The CD spectra showed that all proteins adopt predominantly random coil conformation in solution (data not shown) but form β-sheet rich structures after incubation for 72 hrs at 37°C. In the absence of dopamine and after incubation for 72 hrs, the majority of WT, E126A, and S129A precipitated out of solution and the CD spectra of the remaining material exhibited a predominantly random coil structure, except for S129A which exhibited a spectra consistent with species (soluble aggregates) rich in β-sheet structure (Figure 3C). Co-incubation with dopamine prevented the transition from random coil to β-sheet in the case of WT, S129A, E126A, but not in the case of E83A or E83A/E126A/S129A, further confirming that dopamine is able to prevent the fibrillization of the WT, E126A and S129A mutants but not of the E83A and E83A/E126A/S129A mutants (Figure 3C).
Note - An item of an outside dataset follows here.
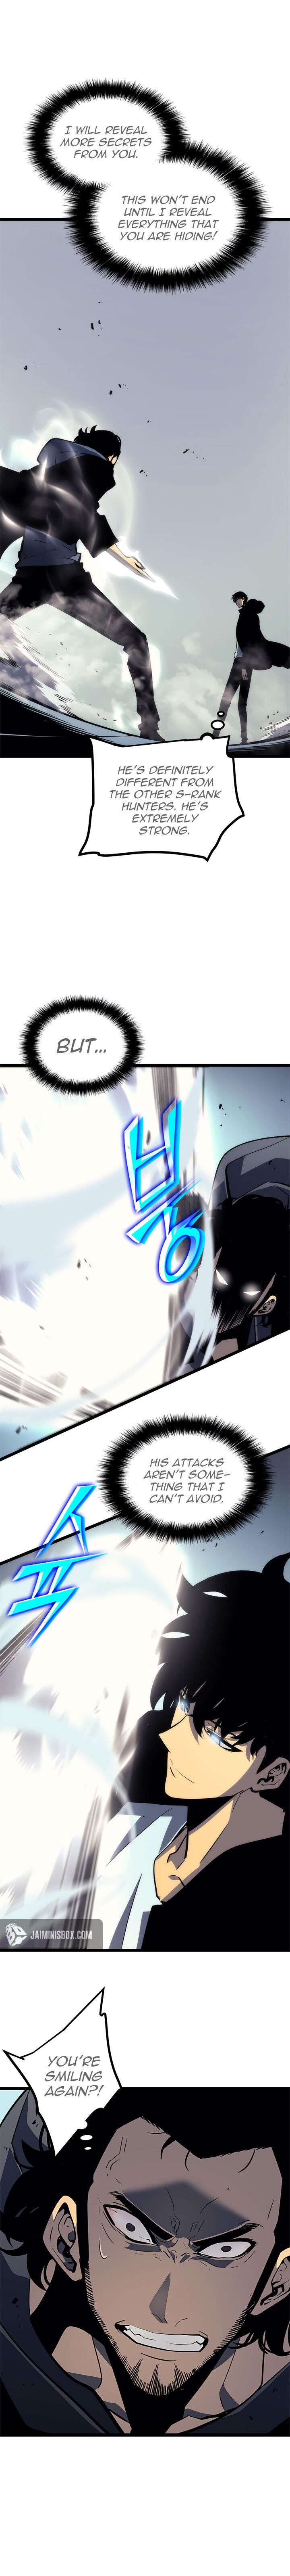 read Chapter 93 online

To characterize the extent of aggregation and the effect of dopamine on the structural properties of the AS aggregates, we performed EM studies on AS samples incubated for 72 hrs in the presence or absence of dopamine. In the absence of dopamine, after 48–72 hrs the mutant proteins showed abundant fibrils resembling those formed by WT AS (Figure 4, left panels). In the presence of dopamine, WT, E126A and S129A formed predominantly soluble aggregates and no mature fibrils could be detected in these samples, which is consistent with previously reported data on the WT protein. On the contrary, addition of dopamine did not inhibit fibril formation or change the structure of the fibrils formed by both E83A containing mutants (Figure 4, right panels).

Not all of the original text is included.